Vanessa Redgrave Calls United Nations Reps "Dead" and "Dehumanized"

Fabrizio Maltese
Vanessa Redgrave

The accomplished actress makes her directorial debut with the refugee documentary 'Sea Sorrow.'

Vanessa Redgrave makes her directorial debut with the documentary Sea Sorrow, her first-person call for governments to come to the aid of the child refugees flooding Europe.

The accomplished actress chose film as the medium to deliver this message because “the arts can help rehumanize people who have been damaged and dehumanized for whatever reason,” she told reporters after a New York Film Festival press screening. “Not all, but most of the people in the U.N. are dead. I respect the U.N., I will fight for its existence and for its historical role and for the conventions under the name of the United Nations. I will fight for the lives involved in that history, the dead lives as well as the current lives. But the majority are dead — they were chosen to be their country’s representatives because they are dead. Sorry, that’s my view.

“Film is one of the arts — although treated like a prostitute most of the time, but it is an art — that can help people communicate and get rehumanized,” she continued. “It’s very hard — politicians who have been dehumanized don’t want to be rehumanized, I’ve noticed.”

Redgrave hopes the film, which also includes appearances by Ralph Fiennes and Emma Thompson, helps viewers have compassion for the displaced people onscreen. “Do you realize how close we are? It could be us. What will we do if we are treated the way our country has treated other families? … That can happen so easily and so quickly,” she explained. “Do people have imaginations? People don’t have time for imaginations. … Film, like theater, can. It doesn’t impose, it can help people stop reacting and start thinking.”

Though the call for empathy on the global refugee crisis may seem familiar to many, “there’s no such thing as preaching to the converted, because the converted can deconvert like that,” she said, snapping her fingers. “Life’s like that, and we better not get dumbly despairing because life is like that. Life is like that and we’ve got to try again.”

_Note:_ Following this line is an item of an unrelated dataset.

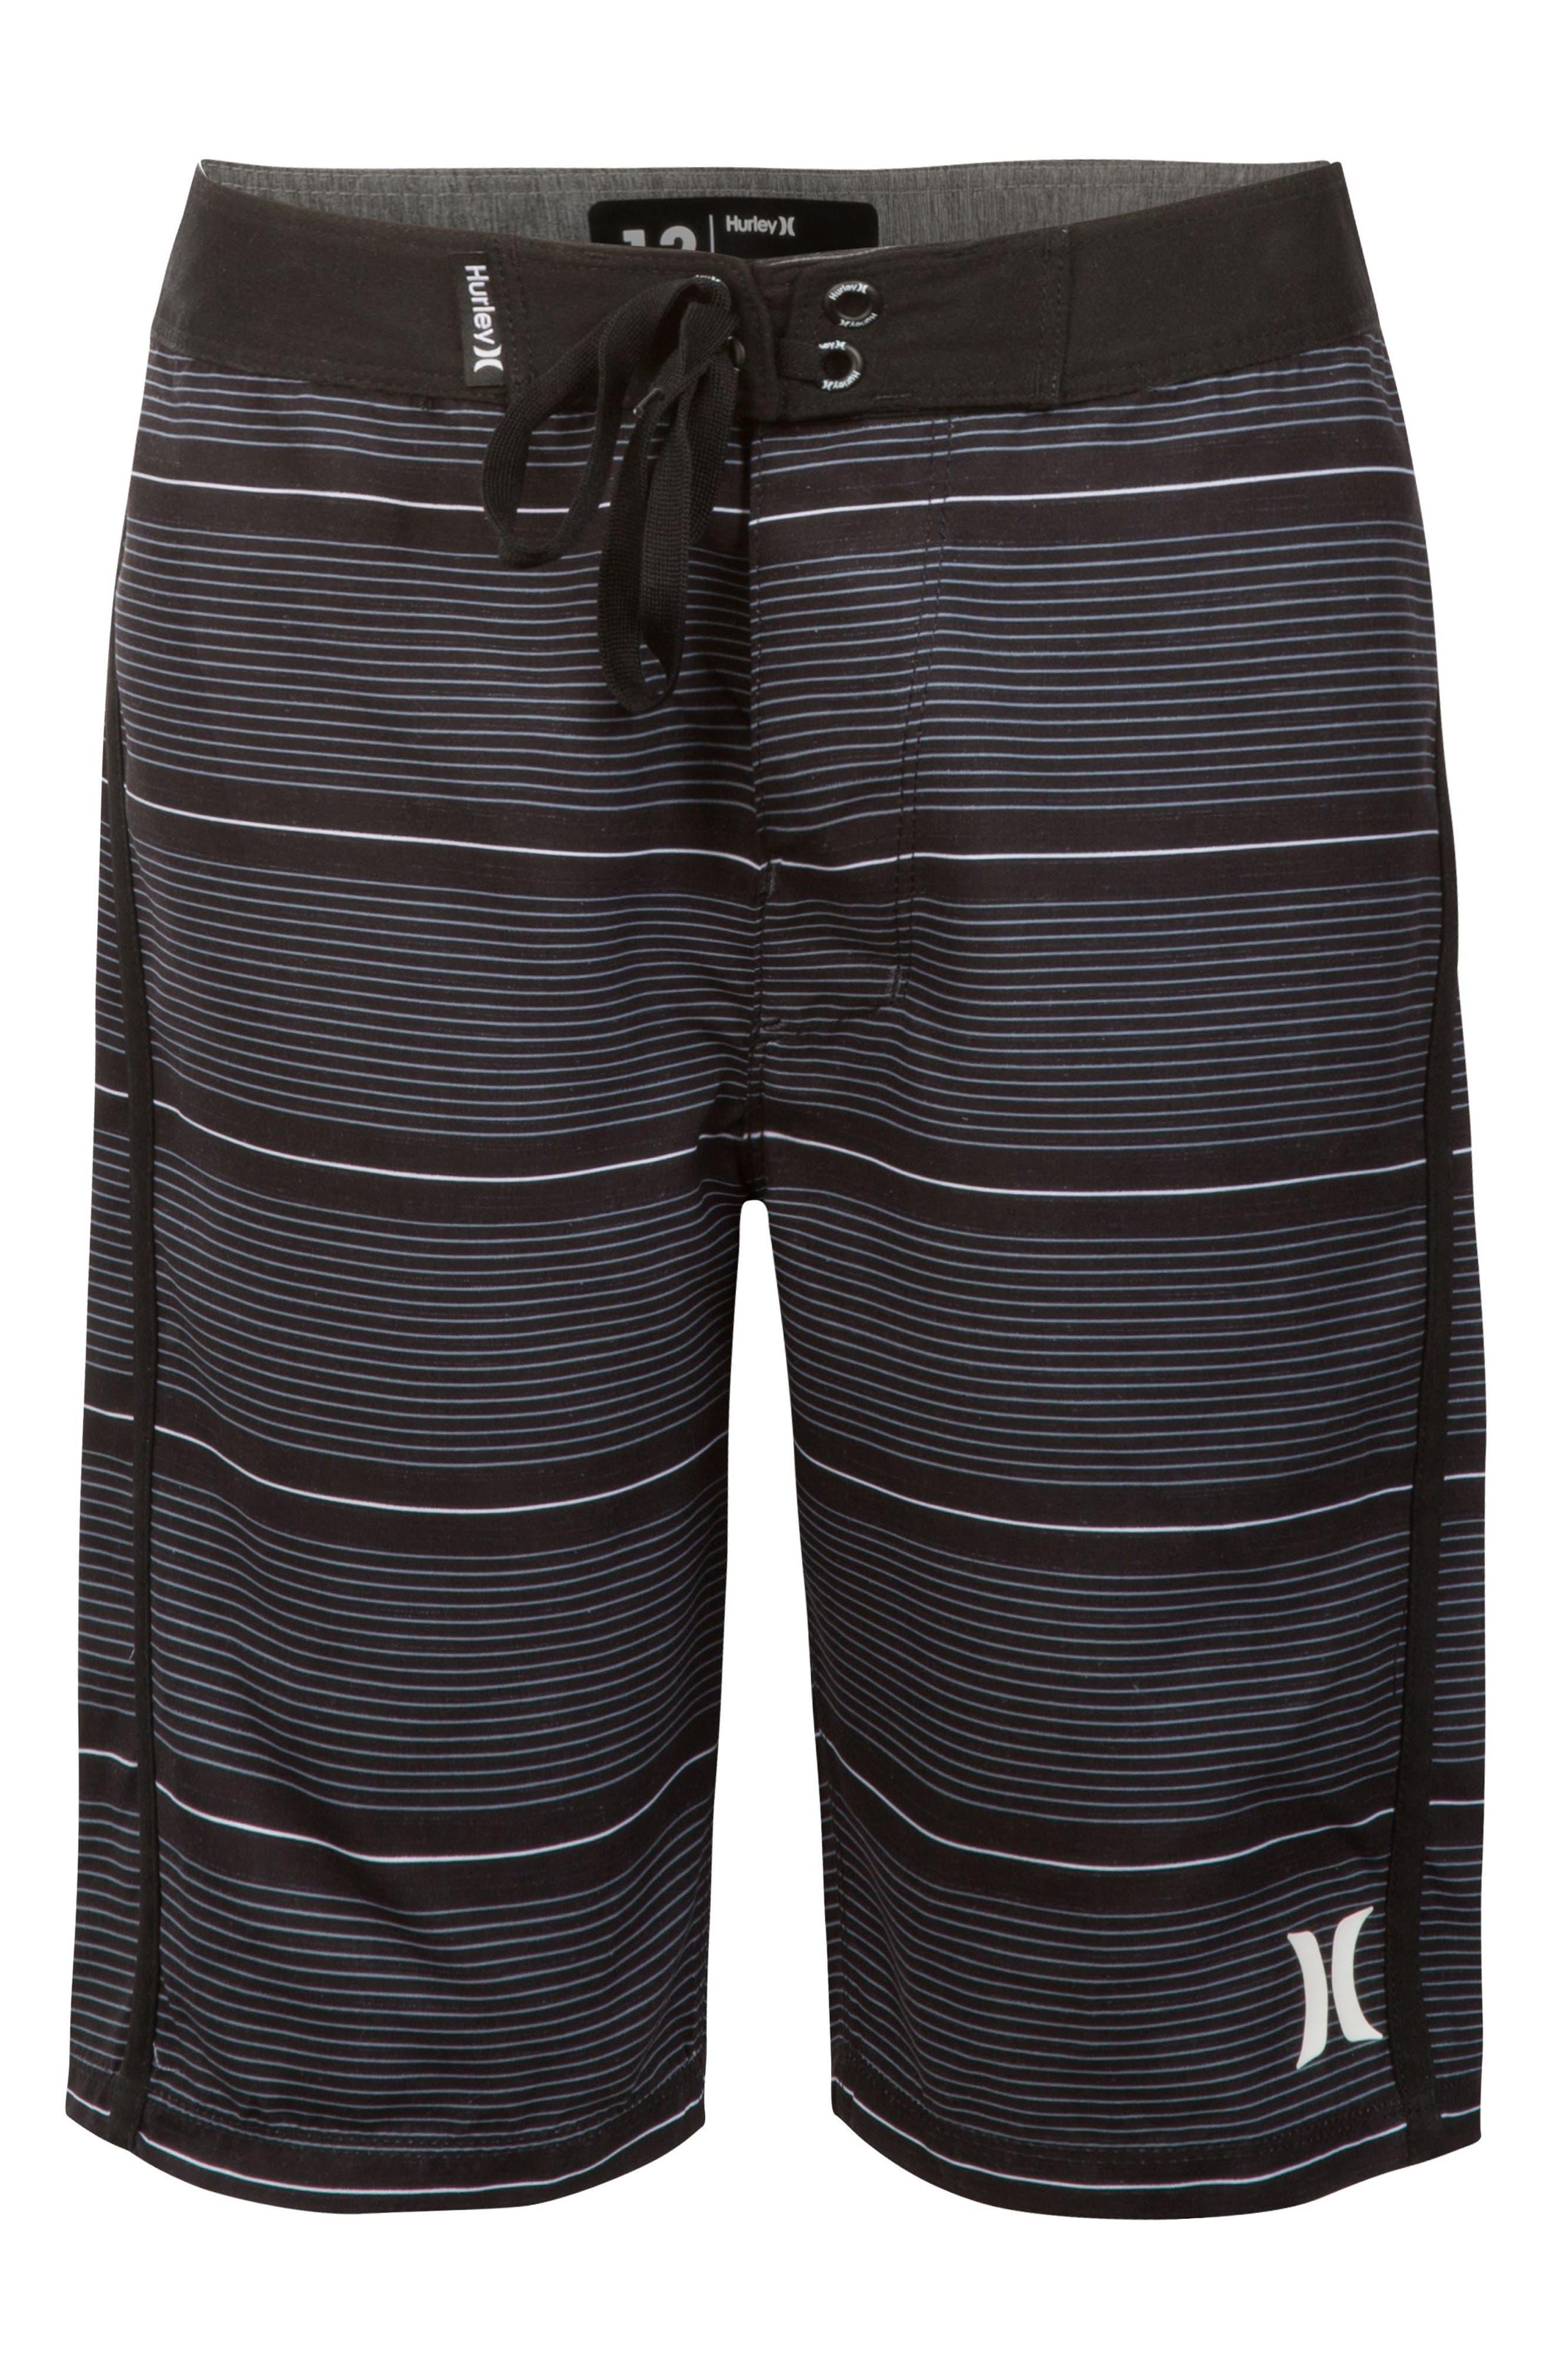 Shoreline Board Shorts,                         Main,                         color, 001

Despite her longtime efforts in the human rights sector, don’t call Redgrave an “activist," as she prefers the term “campaigner" instead. “Activists are wonderful people, and then they disappear. The trouble is they were content and others were content for them just to be active and not think. Now that can sound like an impossible contradiction, but believe me it’s very possible,” she explained. “I went through two period where I was gonna give up. Thinking and studying helped me regain a strength that I have not lost.”